▶ _EXERCISE INSTRUCTIONS_: Pictures excluded, output the lines of the data below between the one holding "Pro-amboxing hand wraps,Pro-am" and the one holding "9/2011 - Mick", inclusive, exactly as they stand.

▶ _SUPPLIED MATERIAL_:

====================

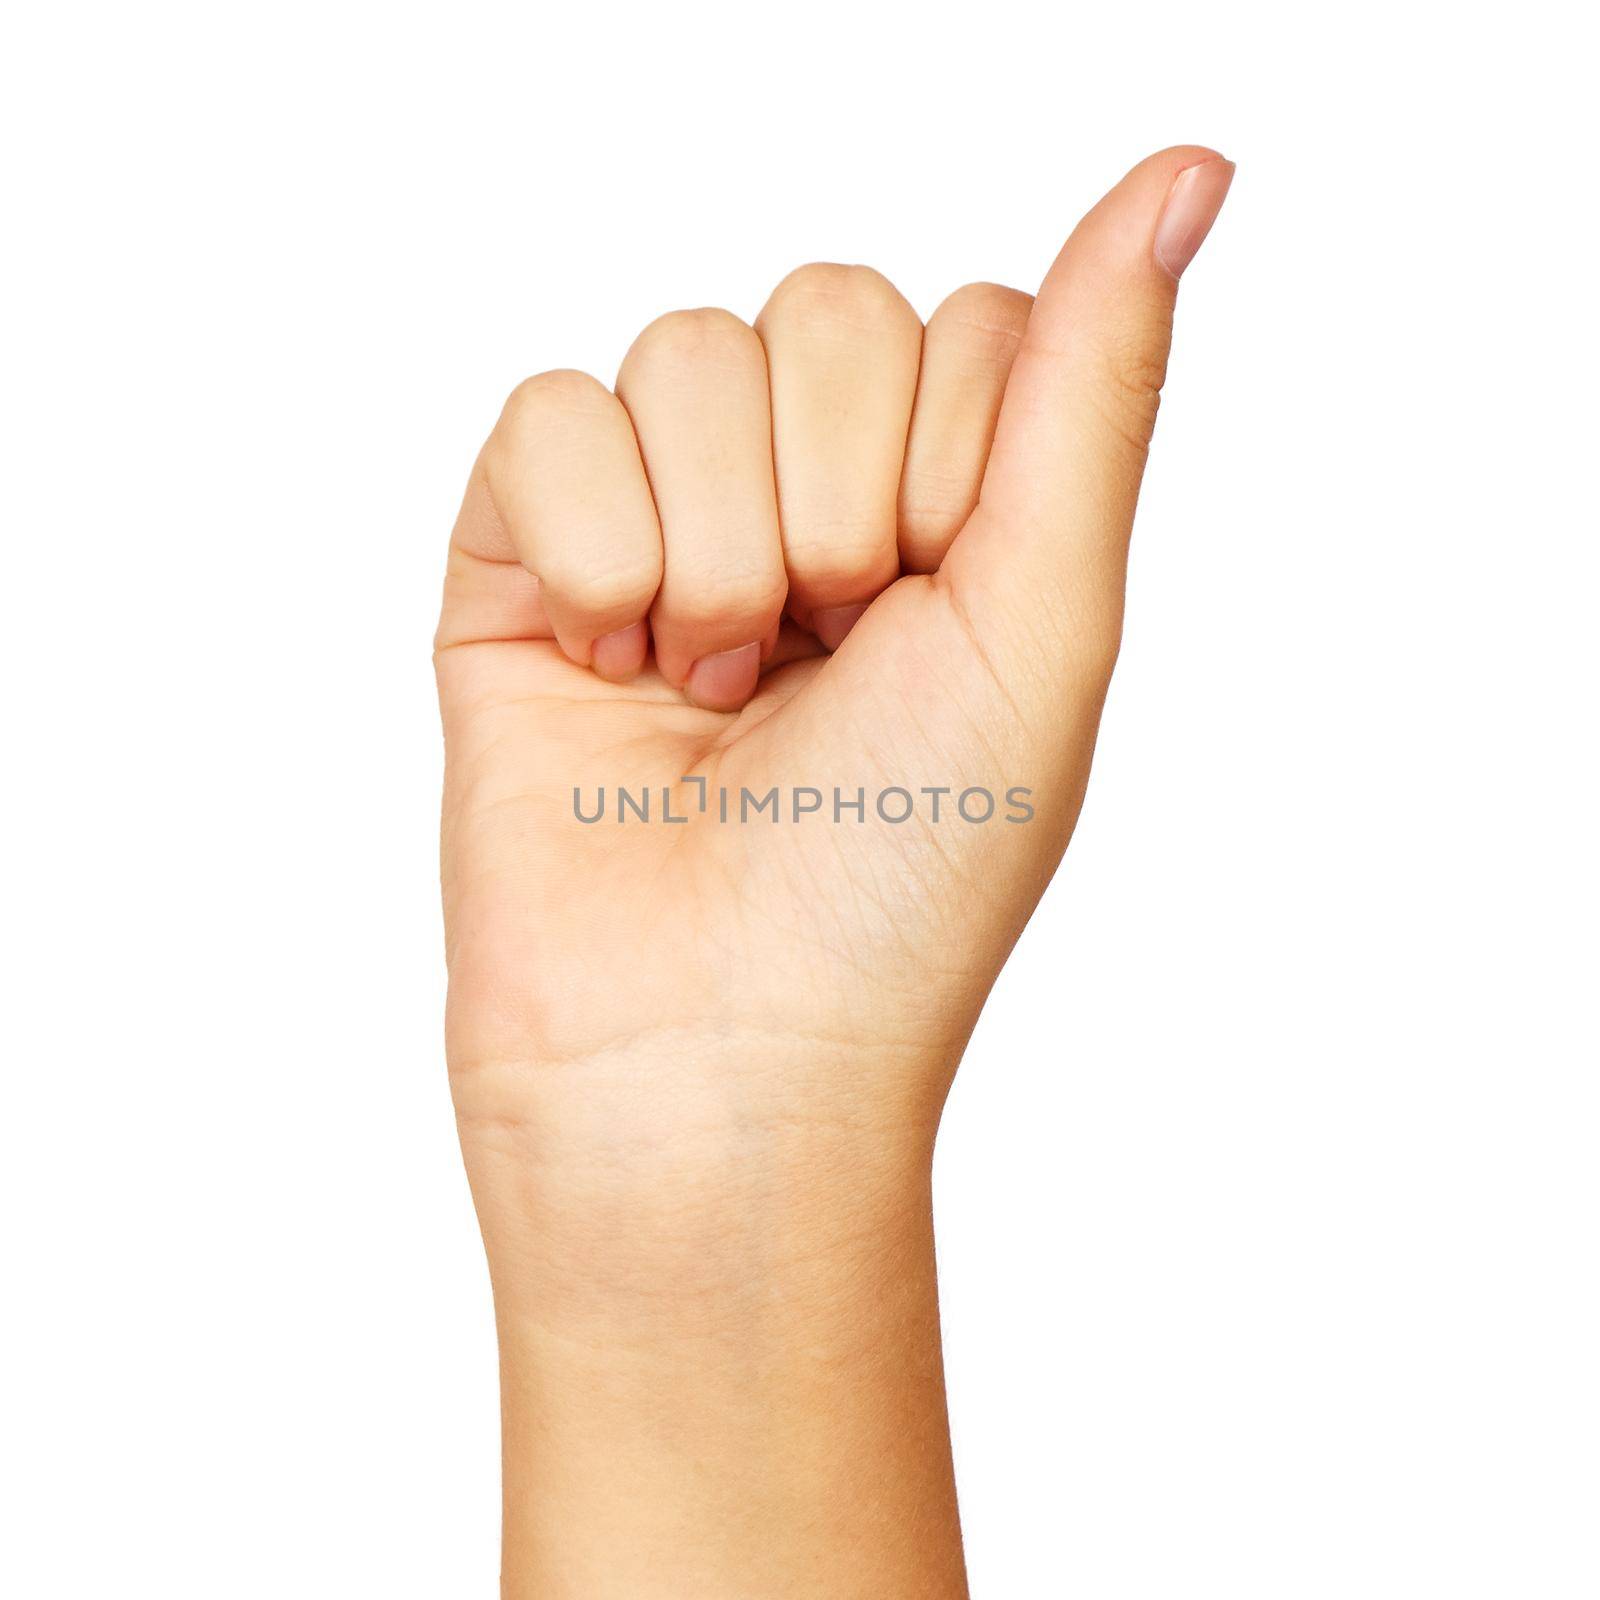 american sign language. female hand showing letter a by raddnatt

====================

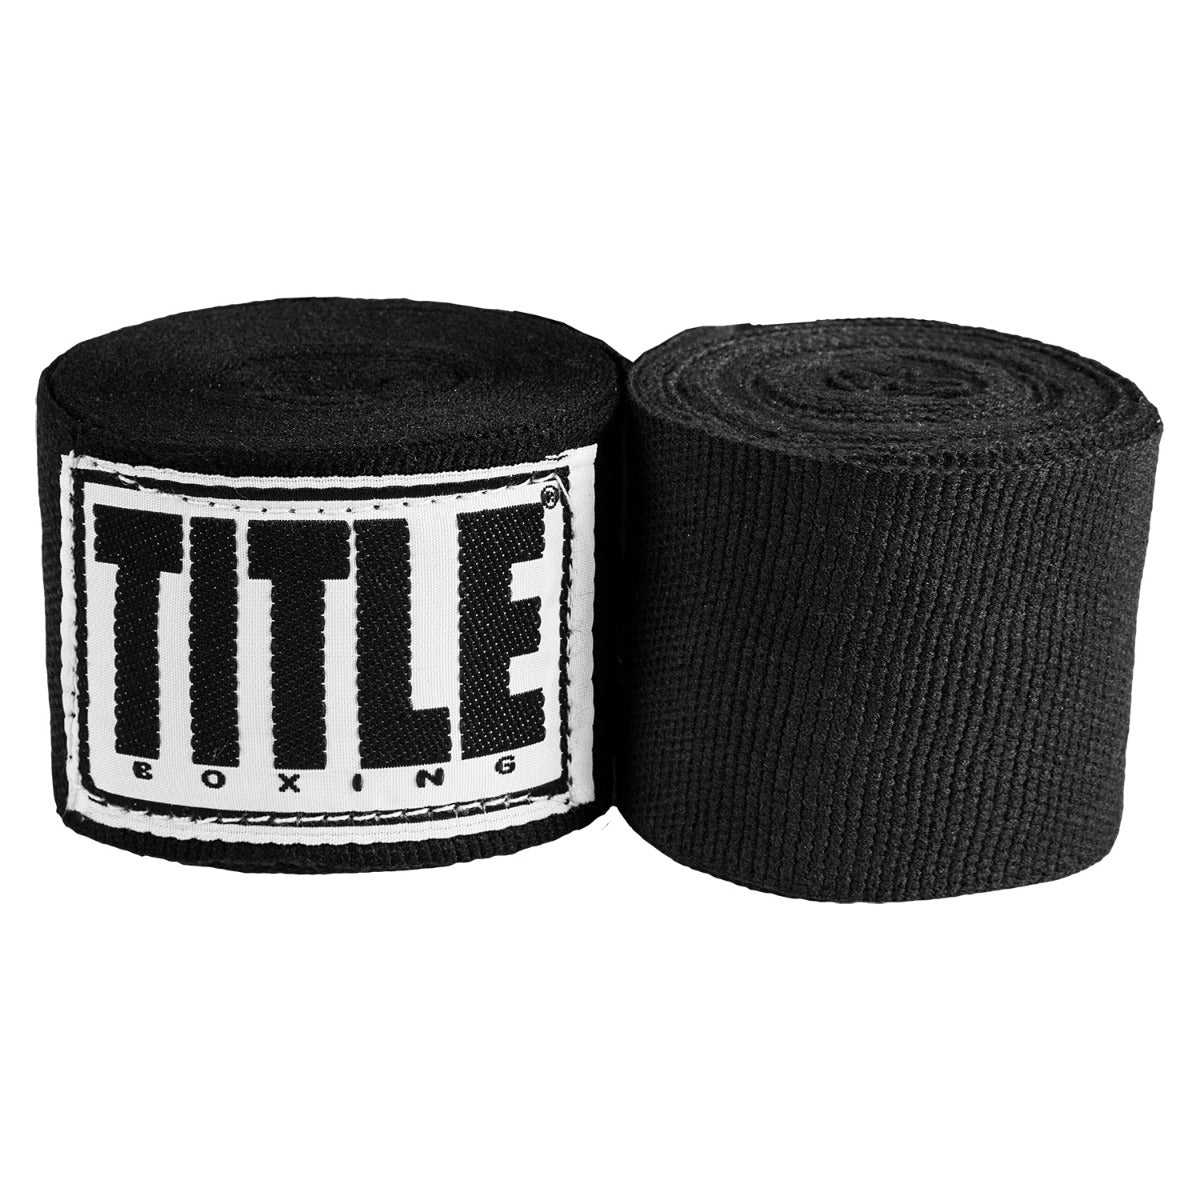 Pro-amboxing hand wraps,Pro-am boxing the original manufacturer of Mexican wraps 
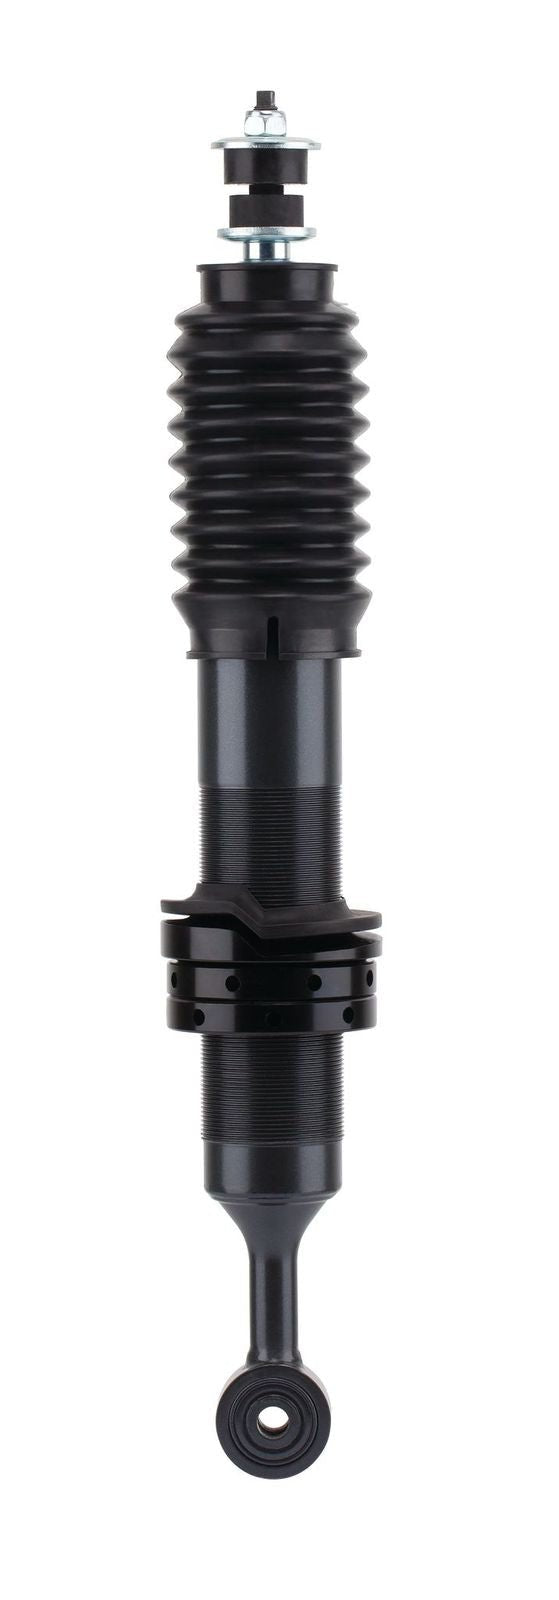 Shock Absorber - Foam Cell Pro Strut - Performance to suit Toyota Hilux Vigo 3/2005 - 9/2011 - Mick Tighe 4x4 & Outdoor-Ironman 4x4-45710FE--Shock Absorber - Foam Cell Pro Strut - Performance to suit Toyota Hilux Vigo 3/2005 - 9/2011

====================

▶ _RESPONSE_:
 Pro-amboxing hand wraps,Pro-am boxing the original manufacturer of Mexican wraps 
 Shock Absorber - Foam Cell Pro Strut - Performance to suit Toyota Hilux Vigo 3/2005 - 9/2011 - Mick Tighe 4x4 & Outdoor-Ironman 4x4-45710FE--Shock Absorber - Foam Cell Pro Strut - Performance to suit Toyota Hilux Vigo 3/2005 - 9/2011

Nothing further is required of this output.